Pages

Tuesday, August 2, 2011

the homesick snail

Like "the homesick snail looking for the very thing it carries on its back" I travel far from home to find... home! It seems that no matter how far I am from the place I call home, I can be at home, if - and it is a big if - I stop a while, stop striving to do everything and just be.
Curled up in the window of an ancient aqueduct in Spoleo watching the traffic groan up into the Umbrian hills in June, I realised that despite my longing for home, I was content and the feeling of being at home was actually close at hand. With my pen meandering across the pages of my notebook I was as at home as I would be lounging on the cushions of my bed in Australia.
Like the snail I was carrying what I was looking for on my back. The stillness that allows me to be aware of myself and my small presence in the world waits for me. Most of the time it seems just out of reach, but if I just allow myself to stop, it is right there.

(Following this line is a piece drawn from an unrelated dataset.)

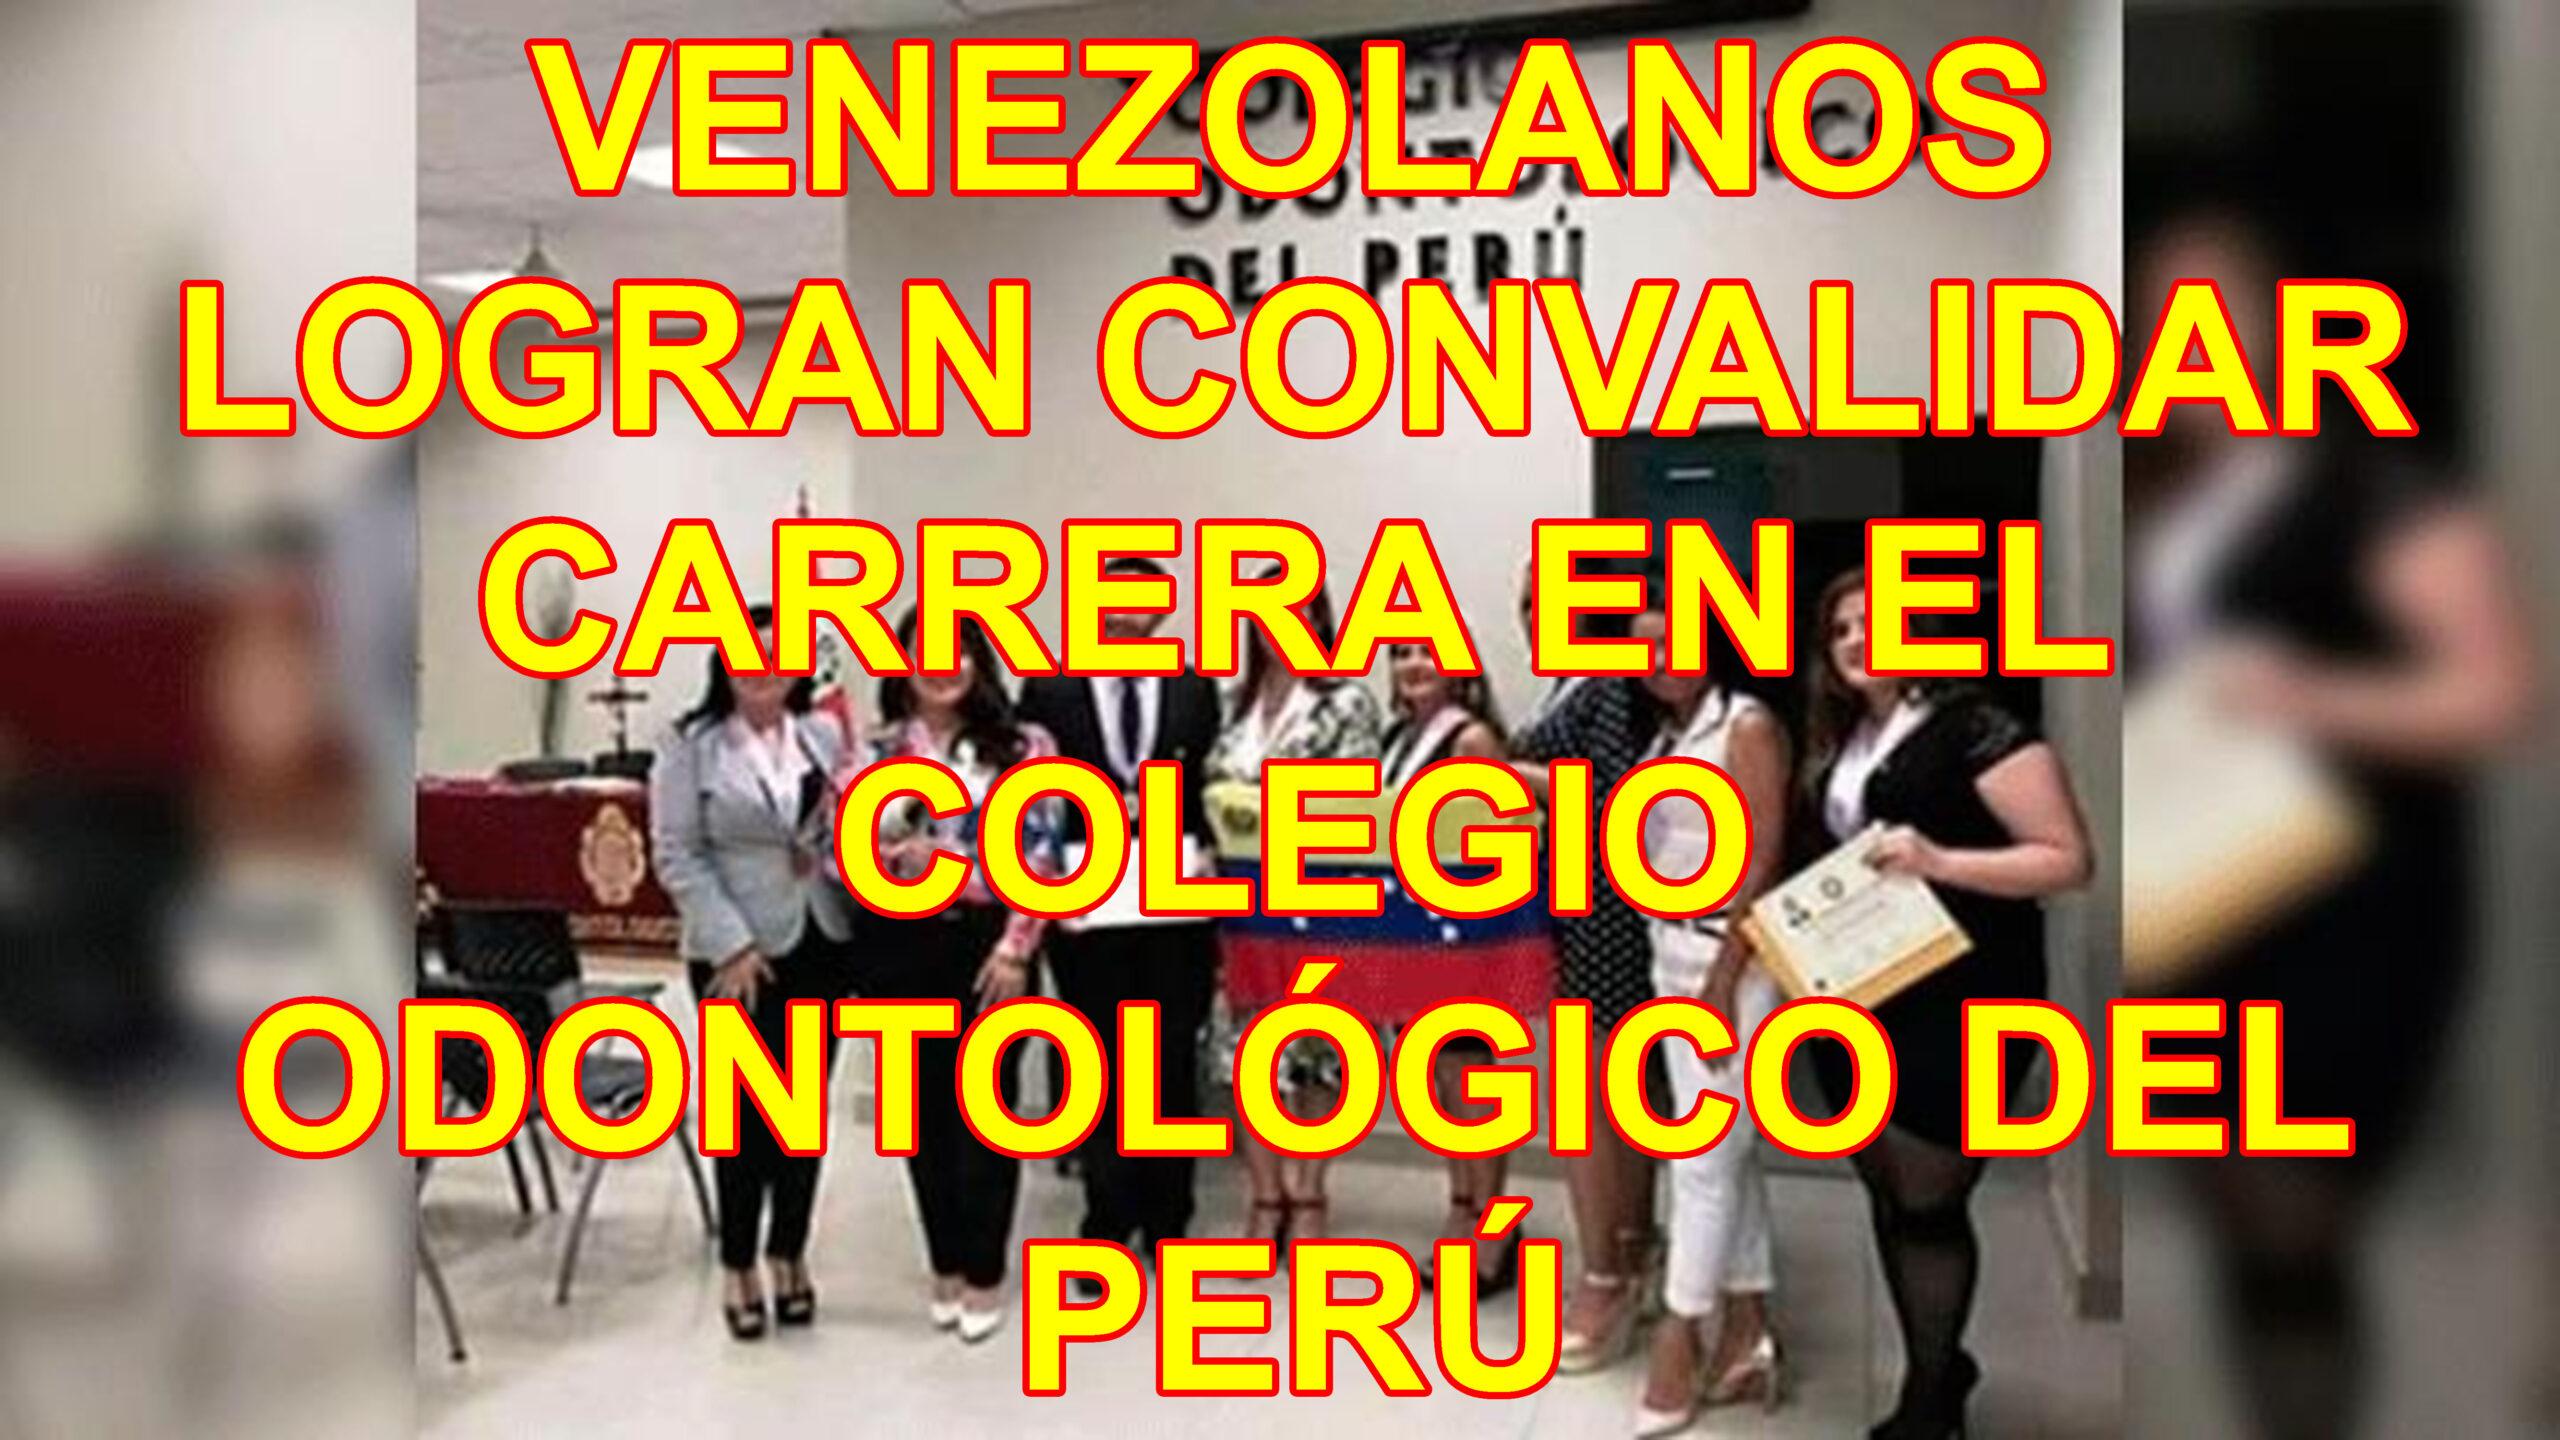 VENEZOLANOS LOGRAN CONVALIDAR CARRERA EN EL COLEGIO ODONTOLÓGICO DEL PERÚ

At my physical home I think I am furthest from the home I carry about with me. There are so many distractions, especially from my writerly self, so much to strive for and organise. In all the casting about and rushing hither and thither I forget that it is from the stillness and the waiting that my best writing comes. And it is in writing that the most powerful feeling of being at home comes to me.

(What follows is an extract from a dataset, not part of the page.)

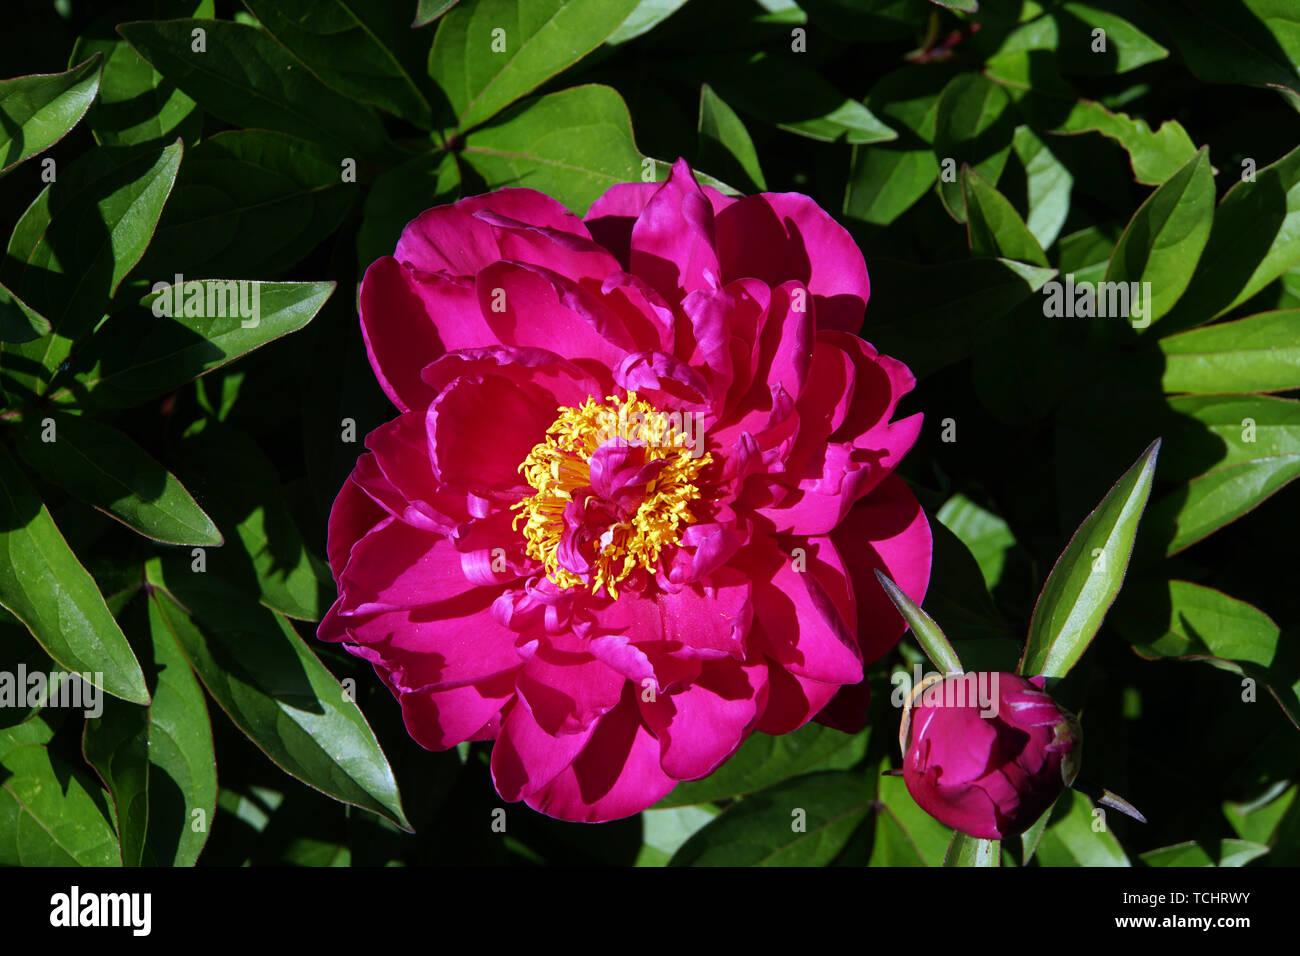 Gemeine Pfingstrose (Paeonia officinalis), auch Echte Pfingstrose, Bauern-Pfingstrose, Garten-Pfingstrose im Bauerngarten Stock Photo

The homesick snail quote came to me from Ric Masten via G Lynn Nelson's book Writing and Being: Taking back our lives through the power of language. Lynn teaches writing from the base of the personal journal. From exploring our own lives, feelings and world we move into public writing. From the wonders of 'word and self and universe' the journal writer enters on a path with a heart 'not to arrive but to see the wonders of the path itself'. From the journal he suggests taking the ideas and writing that most move us into the public realm. When we have concrete stories to tell and are excited by them, we write more powerfully and naturally.
Lynn has sent me back to my journal, to be grounded in my own experience and responses to the world. Perhaps home for me is my journal? It is certainly where I am forced to be still and where I find myself most contented.